Implementation Details¶

Configuration	Setting
GPU	NVIDIA RTX 4090
Optimizer	AdamW
Batch size	8
Learning rate	\(1 \times 10^{-5}\), decayed by 0.9 per epoch
Training epochs	20
Learnable scale embeddings	256
Relative depth model	Depth Anything-Small (frozen)
Image encoder	DINOv2 ViT-L (frozen)
Text encoder	CLIP ViT-L/14 (frozen)
Trainable parameters	19M
Training data size	102K images
Training datasets	NYUv2 + KITTI + VOID + C3VD
Text generation	LLaVA v1.6 Vicuna & Mistral

Key Experimental Results¶

NYUv2 Indoor Benchmark (Table 1)¶

Method	Type	Trainable Params	\(\delta_1\uparrow\)	AbsRel\(\downarrow\)	RMSE\(\downarrow\)
DA V2	Direct metric	25M	0.969	0.073	0.261
UniDepth	Zero-shot metric	347M	0.981	0.072	0.229
Metric3Dv2	Zero-shot metric	1011M	0.980	0.067	0.260
RSA	Language + scale factor	4.7M	0.752	0.156	0.528
ScaleDepth	Language + domain adaptation	109M	0.913	0.099	0.329
WorDepth	Language + domain adaptation	137M	0.926	0.090	0.330
TR2M	Language + scale map	19M	0.954	0.082	0.293

Zero-Shot Cross-Domain Generalization (Table 3, 5 Unseen Datasets)¶

Method	Backbone	Training Images	SUN δ₁	iBims δ₁	HyperSim δ₁	DIODE δ₁	SimCol δ₁	Avg Rank
ZoeDepth	BeiT384-L	-	0.545	0.656	0.302	0.237	0.438	4.70
DA Single	ViT-L	-	0.660	0.714	0.361	0.288	0.553	2.80
UniDepth	ViT-L	3M	0.443	0.217	0.545	0.635	-	4.00
RSA	ViT-S	102K	0.527	0.450	0.230	0.244	0.162	5.80
TR2M	ViT-S	102K	0.591	0.736	0.361	0.274	0.445	2.40

TR2M achieves the best average rank (2.40) with a ViT-Small backbone and only 102K training images, substantially outperforming methods that use larger models and more data.

Ablation Study¶

Rescale Maps	\(\mathcal{L}_{tp\text{-}si}\)	\(\mathcal{L}_{soc}\)	NYUv2 AbsRel	iBims δ₁	DIODE δ₁
✕	✕	✕	0.118	0.566	0.225
✓	✕	✕	0.084	0.657	0.237
✓	✓	✕	0.085	0.708	0.243
✓	✓	✓	0.082	0.736	0.274

Single-factor → pixel-wise maps: AbsRel drops from 0.118 to 0.084, the largest single gain.
Adding pseudo depth supervision: significant improvement in zero-shot settings (iBims δ₁ +0.051).
Adding scale-oriented contrastive learning: further zero-shot gains (DIODE δ₁ +0.031).

Highlights & Insights¶

Pixel-level rescale maps replacing global single-factor scaling represent the core innovation, enabling correction of locally erroneous regions in relative depth — something prior methods (e.g., RSA) cannot achieve.
Exceptional parameter efficiency: only 19M trainable parameters (all encoders are frozen), 1–2 orders of magnitude smaller than UniDepth (347M) and Metric3Dv2 (1011M), yet achieving comparable performance.
Dual-level contrastive learning is elegantly designed: coarse-grained contrast ensures global scale consistency, fine-grained contrast ensures local depth distribution consistency, and the two are complementary.
The pseudo depth + threshold filtering strategy is a concise and effective solution to sparse GT supervision, improving zero-shot generalization.
Textual descriptions serve as "free" auxiliary priors, requiring no camera parameters or sensor information.

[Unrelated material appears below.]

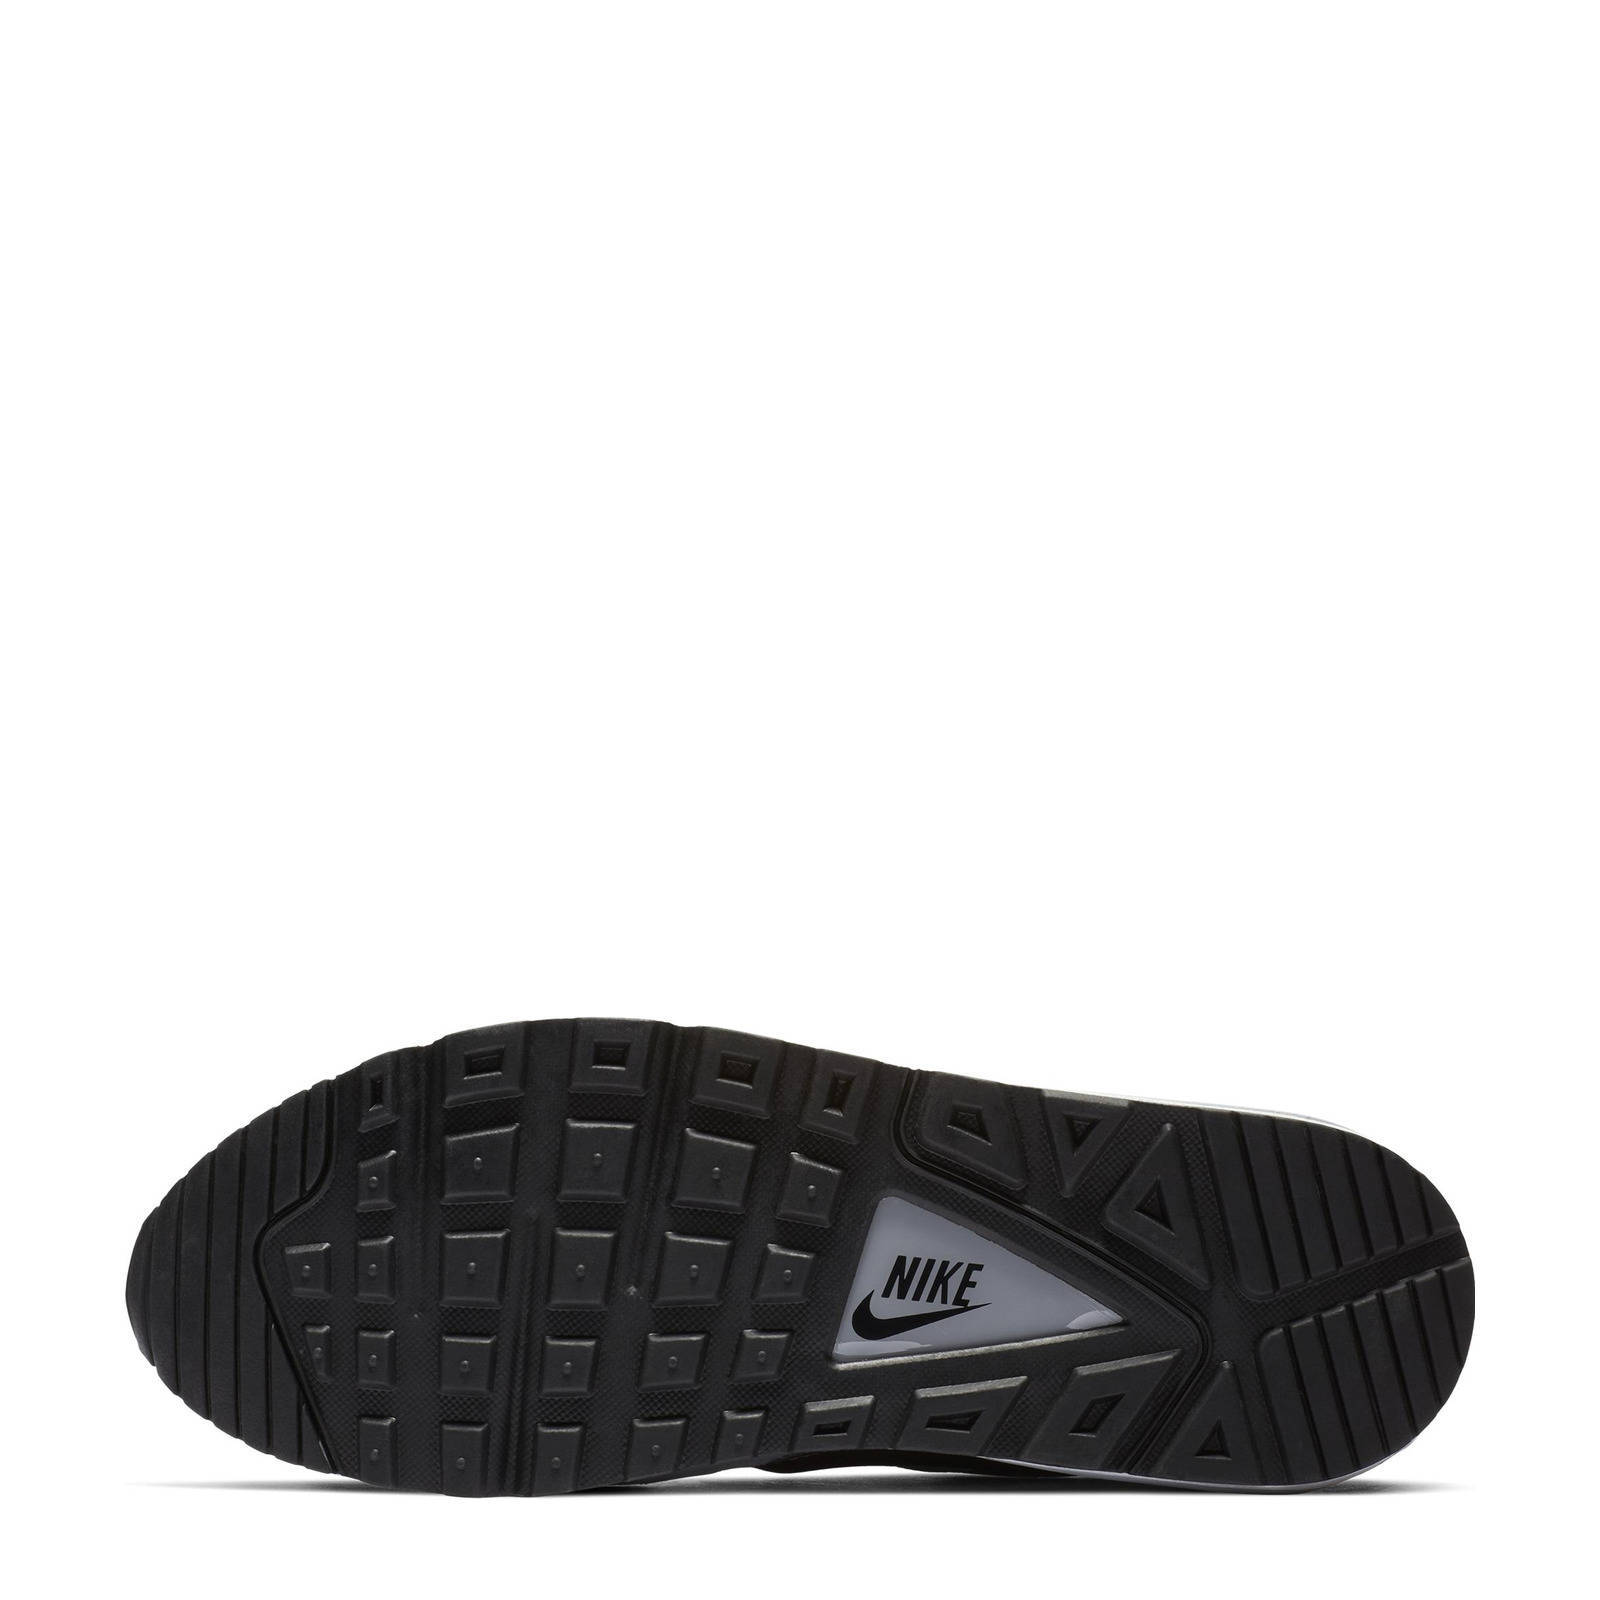 Nike Air Max Command Leather sneakers blauwzilver Nike

Limitations & Future Work¶

Dependence on LLaVA-generated descriptions: Text quality is bounded by VLM capability, and descriptions for extreme domains (e.g., medical endoscopy) may be insufficiently accurate.
Upper bound of the relative depth model: Framework performance is constrained by the output quality of the frozen Depth Anything-Small backbone.
Remaining gap in some zero-shot domains: AbsRel remains high on SUN RGB-D and DIODE Outdoor (0.451/0.673), indicating that large cross-domain scale discrepancies remain challenging.
Computational cost of contrastive learning: Pixel-level contrast requires an EMA dual-branch structure, increasing training time and memory consumption.
A stronger relative depth backbone (e.g., Depth Anything V2) could further raise the performance ceiling.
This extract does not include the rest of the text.